Nanosensor PC simulator is an application software designed to simulate the working process in a communication nanosensor network. The simulator has two components; PC Mother Sensor viewer that runs on the computer system that serves as the server and the Nanosensor PC that runs on the computer that serves as the host/node.

The PC Mother sensor detects and displays the attributes of all Nanosensor PCs on a wireless network configured within the same IP range. If the Mother Sensor Viewer is running on 192.168.10.50, then all other computers on which the Nanosensor PC will run are configured with IP addresses within the range of 192.168.10.1 to 192.168.10.254, except 192.168.10.50 assigned to the Mother Sensor Viewer. This will establish a protocol that forms the basis for their communication.

The Nanosensor PC is a component of the application that runs on any computer in a wireless environment. Whenever the Nanosensor PC runs, it displays its properties on its panel and waits for the Mother Sensor Viewer’s request. As soon as the Viewer requests for its properties, it sends them on any computer provided it is running the same application and on the same network.

Figure 1. The (n,m) nanotube-naming scheme thought of as a unit vector (Ch) in an infinite graphene sheet that describes how to “roll up” a graphene sheet to form nanotubes

Figure 2. Typical nanosensor node (Zhang, 2004)

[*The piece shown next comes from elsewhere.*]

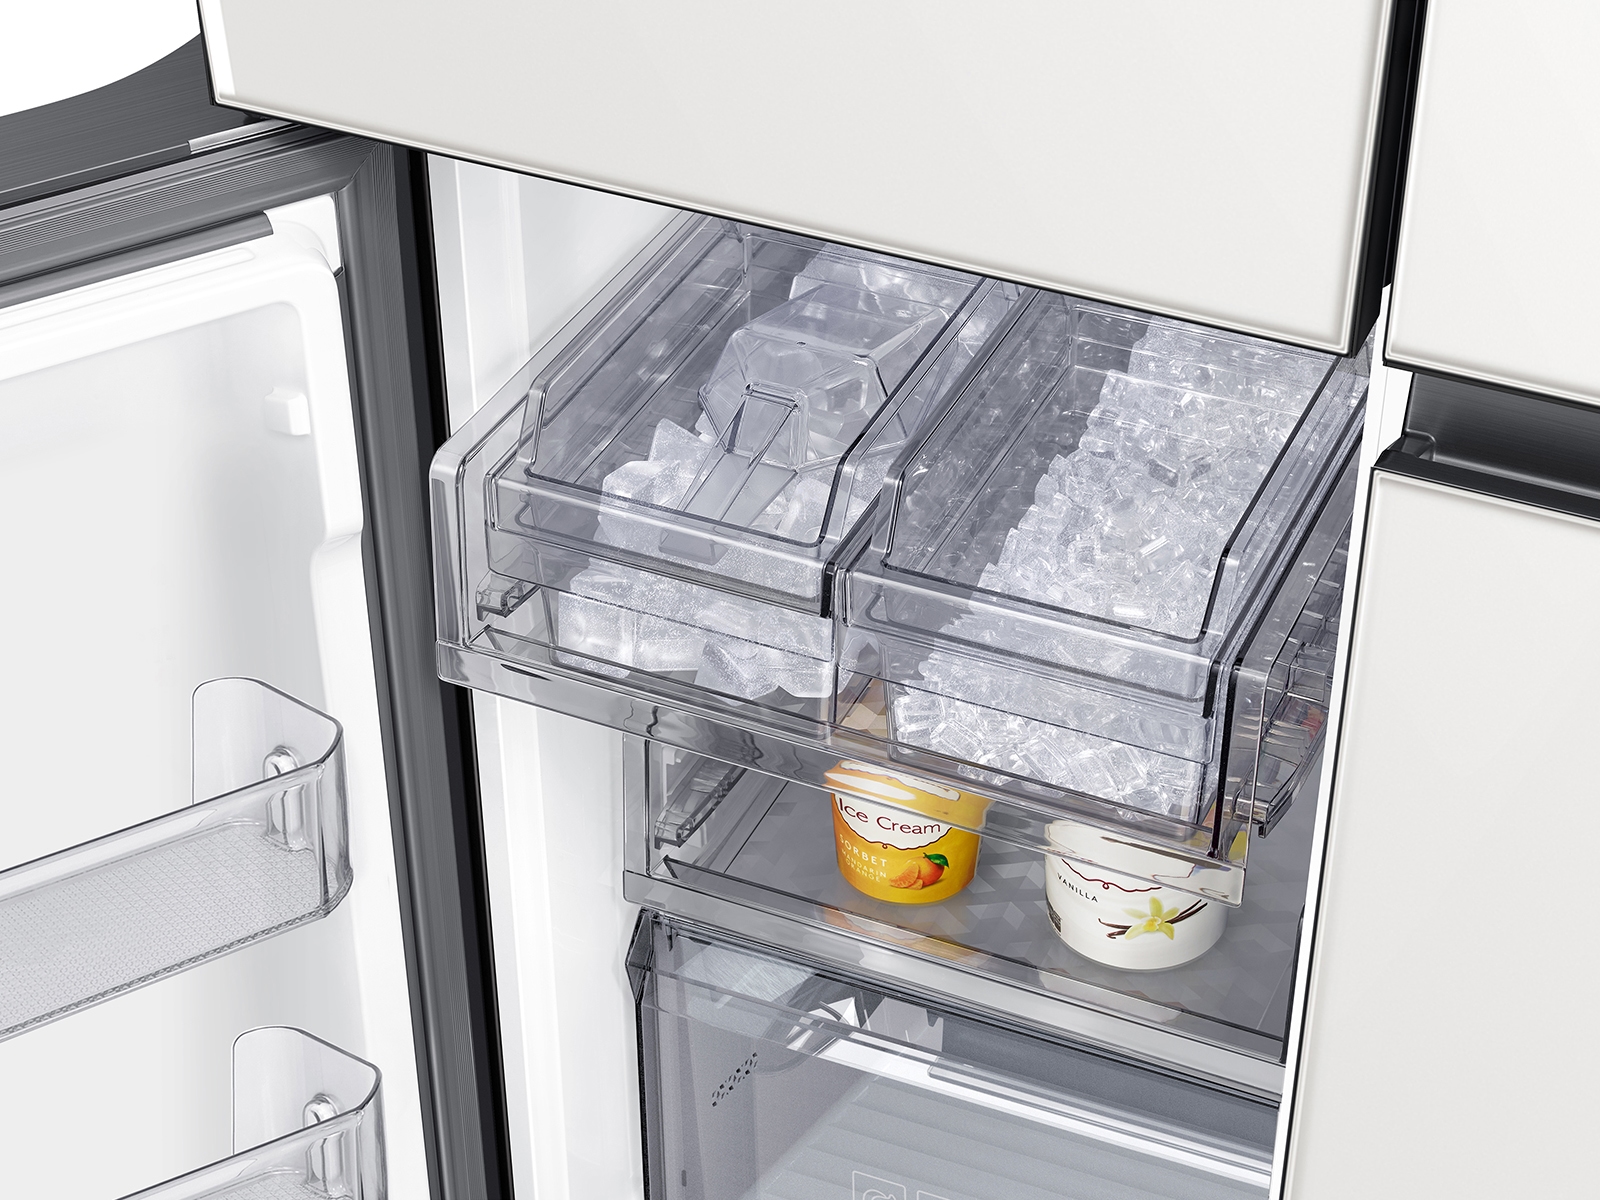 Bespoke Temperature Monitoring System - monitor your fridge or freezer from  anywhere!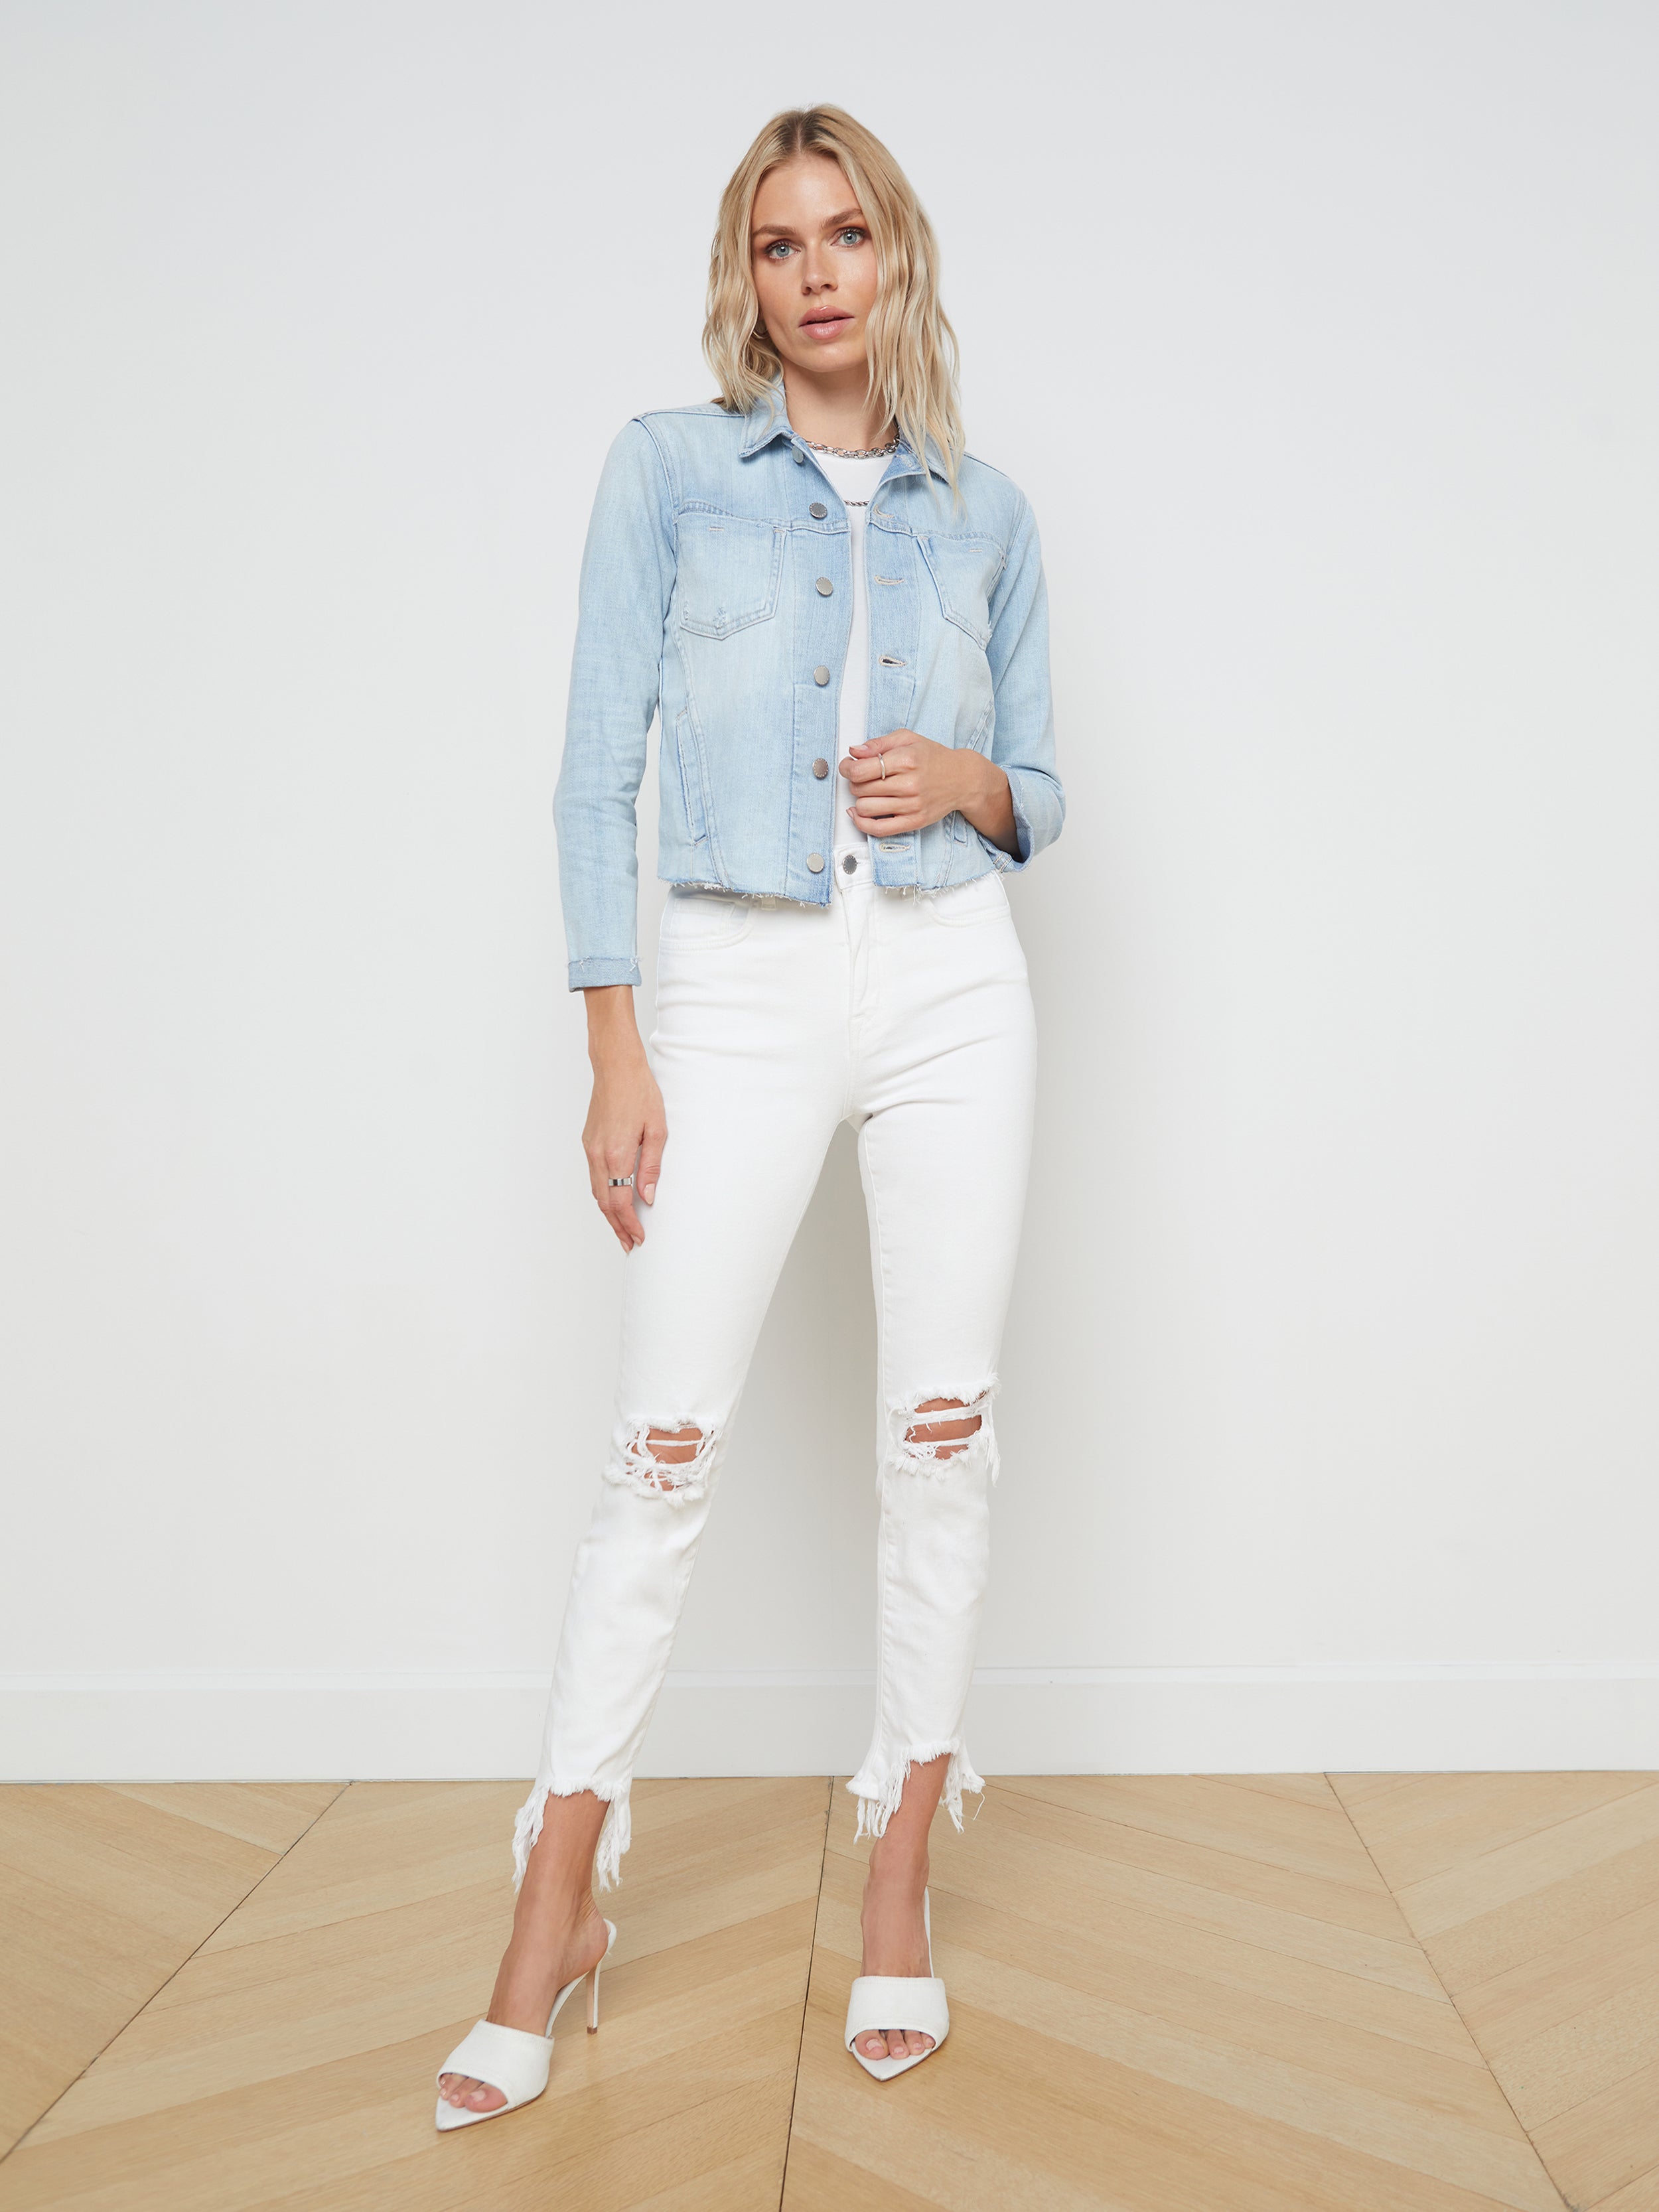 Stylish Outfit Ideas for White Jeans

Figure 3. Process of frequency multiplication for signal enhancement. Where ω0is the frequency to be multiplied, n ω0 is the number times, the frequency is multiplied

Figure 4. Architecture for Wireless Nanosensor Networks in health application

Figure 5. Architecture for a future interconnected office

6. Conclusions

Nanotechnology is enabling the development of devices in a scale ranging from one to a few hundred nanometres. One of the promising applications of this technology is in the field of sensing. A nanosensor is not only a tiny sensor, but also a device that makes use of novel properties of nanomaterials, especially carbon nanotubes (CNTs) to detect and measure new types of events in the nanoscale, employing carbon-based EM nanotransceivers and nanoantennas.

However, the sensing range of a single nanosensor is limited to its close environment and thus many nanosensors are needed to create a network. The development of an integrated nanosensor device with communication capabilities will overcome the limitations of individual nanosensors and expand their potential applications.The working process of a Wireless Nanosensor Communication Network is illustrated using an interpolating algorithm to show how a Nanosensor node detects a signal. In addition, a Nanosensor PC Simulator was designed using JCreator LE Setup to demonstrate signal exchange in a WNSN.